15th Lieutenant Governor of Prince Edward Island
- In office October 1, 1939 – May 30, 1945
- Monarch: George VI
- Governors General: The Lord Tweedsmuir The Earl of Athlone
- Premier: Thane Campbell J. Walter Jones
- Preceded by: George Des Brisay de Blois
- Succeeded by: Joseph Alphonsus Bernard

MLA (Assemblyman) for 2nd Queens
- In office July 24, 1919 – June 26, 1923
- Preceded by: George E. Hughes
- Succeeded by: John Buntain

MLA (Councillor) for 2nd Queens
- In office June 25, 1927 – October 1, 1939
- Preceded by: Louis Jenkins
- Succeeded by: Alex W. Matheson

Personal details
- Born: February 19, 1876 Rusticoville, Prince Edward Island
- Died: December 4, 1958 (aged 82) Charlottetown, Prince Edward Island
- Party: Liberal
- Spouse: Harriet Edna Christie ​ ​(m. 1897)​
- Children: William Reuel and Hilda Ruth
- Occupation: merchant and lobster packer
- Profession: Politician
- Cabinet: Minister without Portfolio (1927–1931)(1935–1936) acting Premier (1936) acting Minister of Agriculture (1936)

= Bradford William LePage =

Canadian politician

Bradford William LePage (February 19, 1876 – December 4, 1958) was a Canadian politician and the 15th Lieutenant Governor of Prince Edward Island.

Born in Rusticoville, Prince Edward Island, LePage owned and operated a general store prior to entering politics. He and his family moved to Charlottetown after his election to the provincial legislature. LePage sold his store to his brother, Garfield LePage, and opened the Lepage Shoe Company which was operated for many years by his son, William Reuel, and his grandsons, Walter B. LePage and Don Wonnacott (Don was the last to own and operate The LePage Shoe Co.).
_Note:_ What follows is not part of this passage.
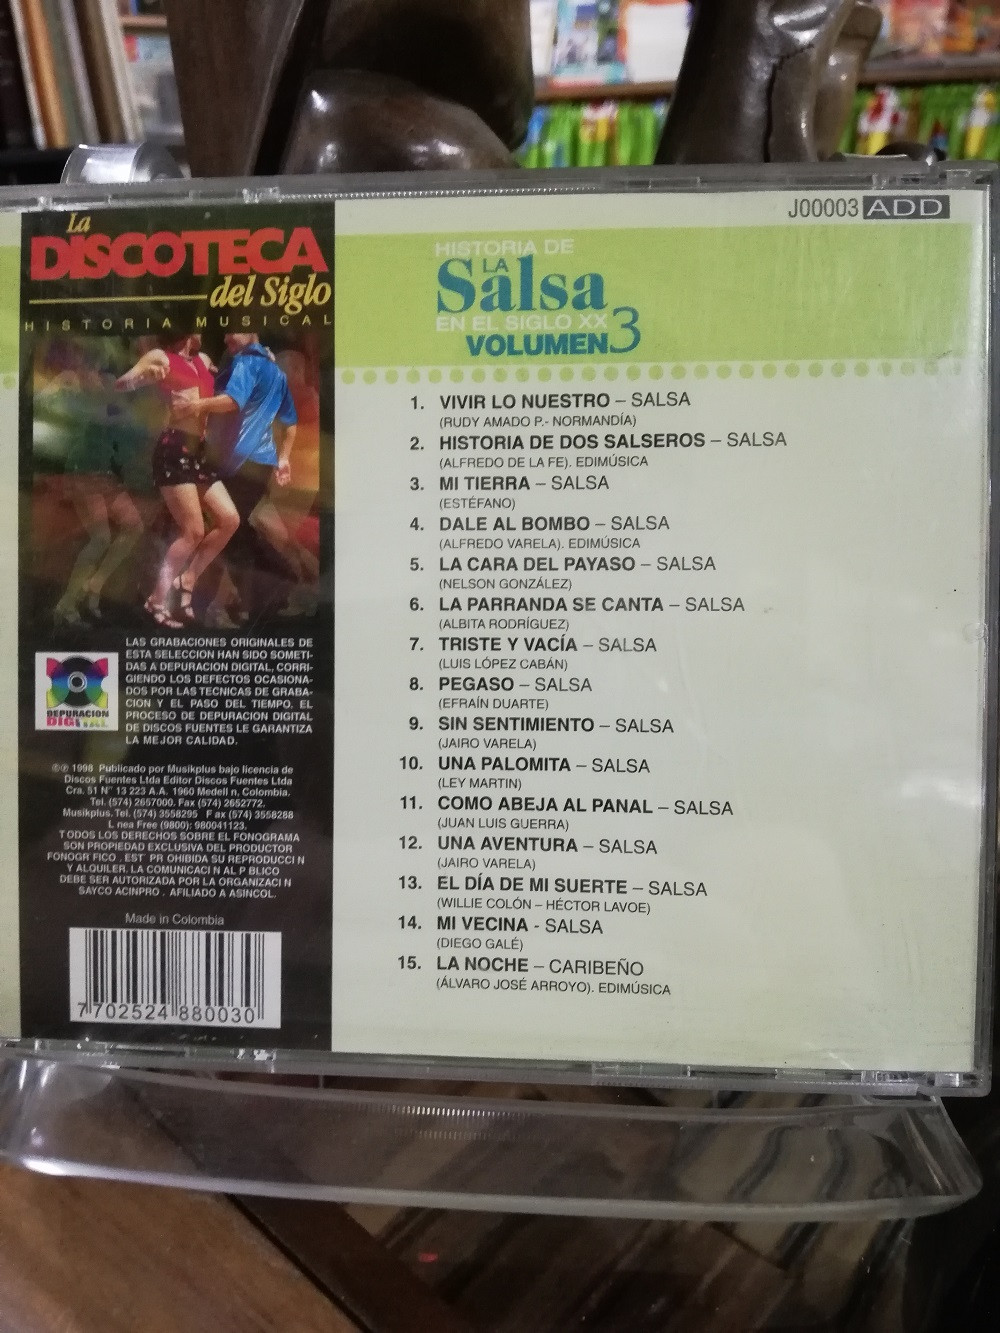 Imagen CD HISTORIA DE LA SALSA EN EL SIGLO XX - HISTORIA DE LA SALSA EN EL SIGLO XX VOL. 3 2

LePage was first elected as a member of the Liberal Party of Prince Edward Island in the district of 2nd Queens in the 1919 election. He was re-elected in the 1927, 1931, 1935, and the 1939 elections.

He was Lieutenant Governor from October 1, 1939, to May 30, 1945.

On February 24, 1897, he married Harriett Christie. They had two children, William Reuel and Hilda Ruth.